Berle is one of several professors on UGA’s Athens campus who uses service learning to teach his courses. His students don’t just scribble notes; they get their hands dirty. Through community gardening projects, they get off campus and up to their elbows in helping people.
“My students do activities as part of their learning,” Berle said. “Instead of lecturing about raised beds, we go do it. Instead of talking about fertilizers, we learn about them by using them.”
Because the classes are so large, it’s his way of making sure his students get the lab time they need without stressing already tight resources like campus space and salaried hours.
It’s also his way of giving to the Athens community. Earlier this year, the U.S. Census Bureau listed Athens-Clarke County, where UGA is located, as having the highest poverty rate in the nation for counties with more than 100,000 people.

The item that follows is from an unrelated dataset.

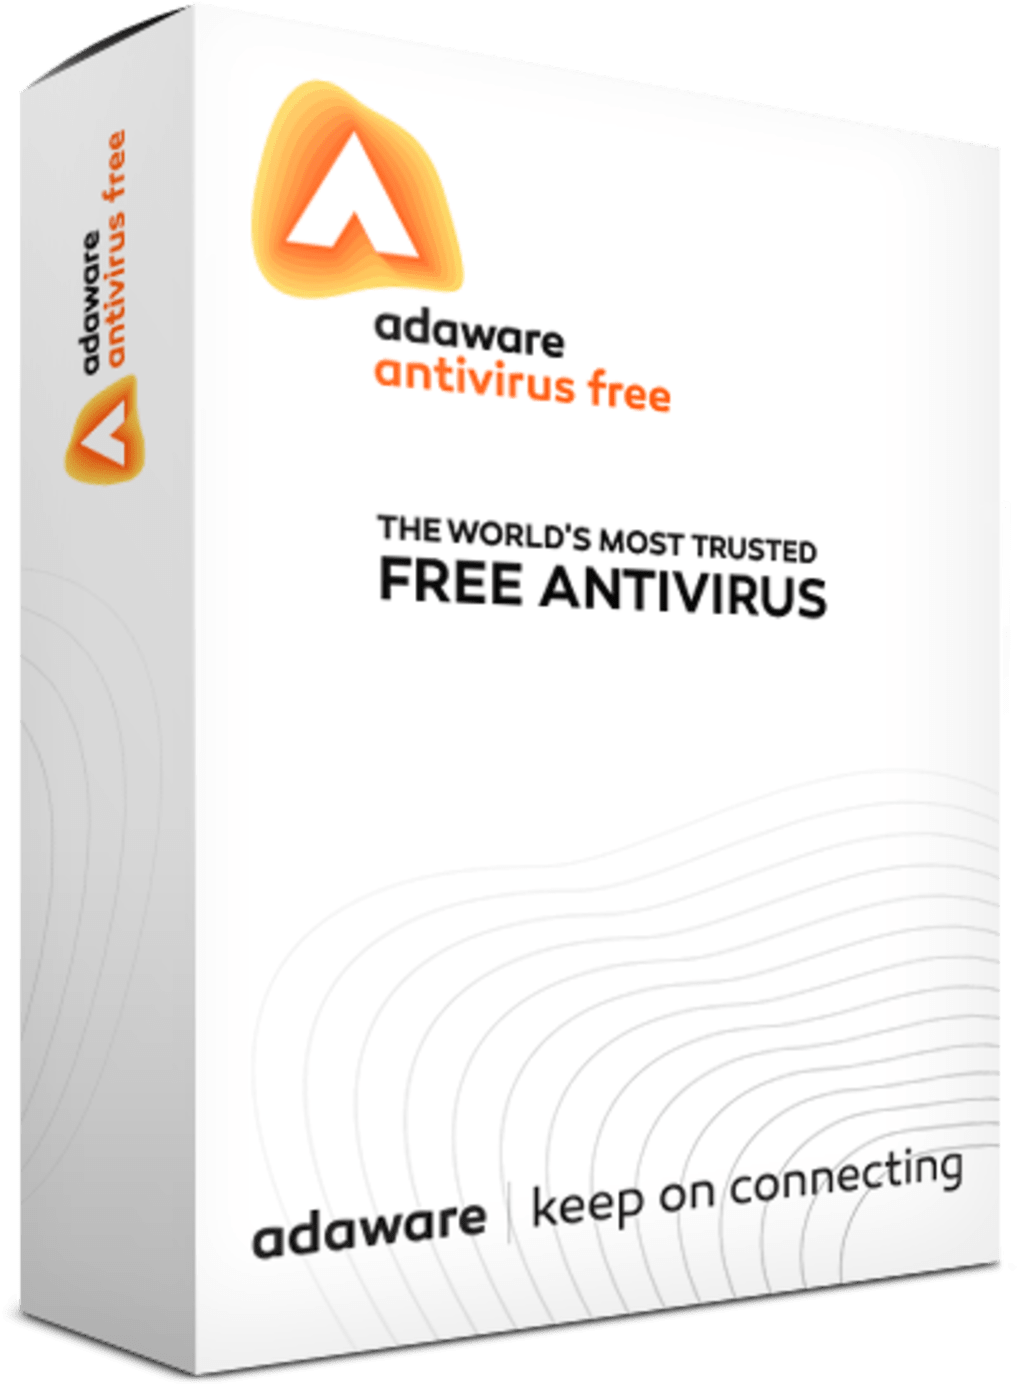 download adaware antivirus free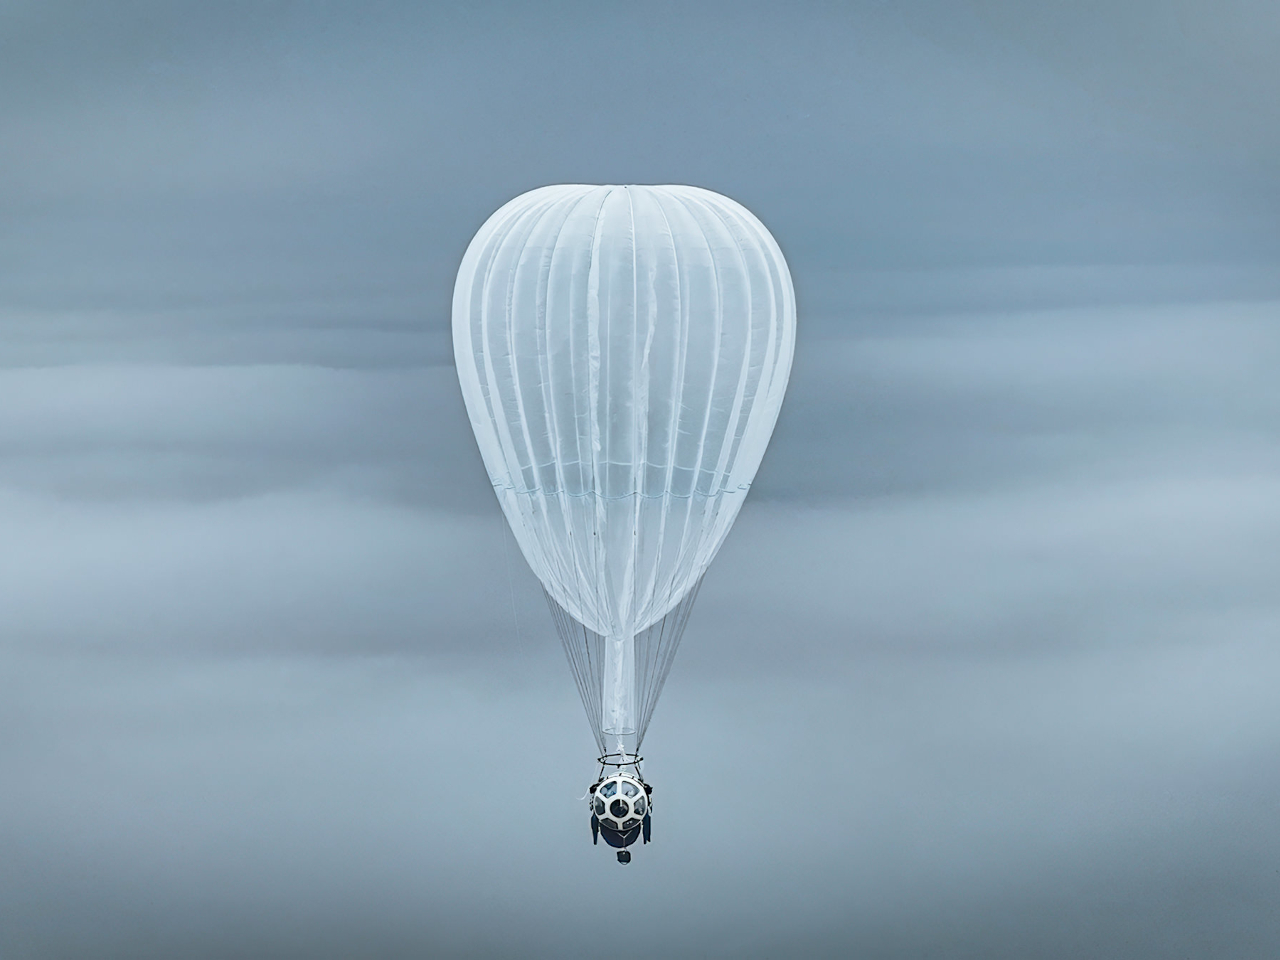 気球で成層圏への遊覧飛行目指す岩谷技研、実機で訓練飛行開始--来夏から就航

“I’m connecting up students with a community in need,” Berle said, who works in the College of Agricultural and Environmental Sciences. “Part of my job is to expose them to a part of the world we don’t normally get to see. And we don’t ever see what the majority of Athens is, that it’s very poor.”
Berle recently joined forces with Athens Land Trust, an organization that works to empower low-income residents. Its newest project is working with different low-income groups and helping them set up community gardens throughout the poorest sections of Athens. In one year of the project, they’ve helped plan and plant 10 new gardens.
“We’re trying to bridge two missions: community gardens and low income housing,” said Gregg Bayard of Athens Land Trust Community Garden Network. “And it’s happened, thanks to David.”
In these gardens, students learn that growing plants is about both beauty and nutrition. In exchange for practical working experience, students give their hours – about 3,700 since fall of 2010.
“One of the things we’re trying to do in the college is change our focus a little,” said CAES dean and director Scott Angle. “We’ll always be good at traditional crops like cotton, peanuts and chickens, but we want to move the college forward in terms of urban ag. We see this as a need.”
The work Berle’s students do is part gardening, part building and part interning. In his classes designed specially around service learning, students experiment with different ways to build raised beds – hog fencing and soil erosion cloth to cut down on the amount of cedar they use – and soil mixtures. They deliver supplies, grow plants and participate in workdays.
The community gardens give them an edge in the job market through internships. These interns specifically work with people directly involved with each community garden to help them decide what to plant and how best to do it.
“Gardens promote a level of interconnectedness,” Bayard said. “It’s a key component we look for in social programs we try to integrate into our projects. In my mind, it’s very welcome to see this change in societal focus.”
“Students want to know how to grow,” Berle said. “They want to know how to can… And, ultimately, none of this could be possible without the input of the students.”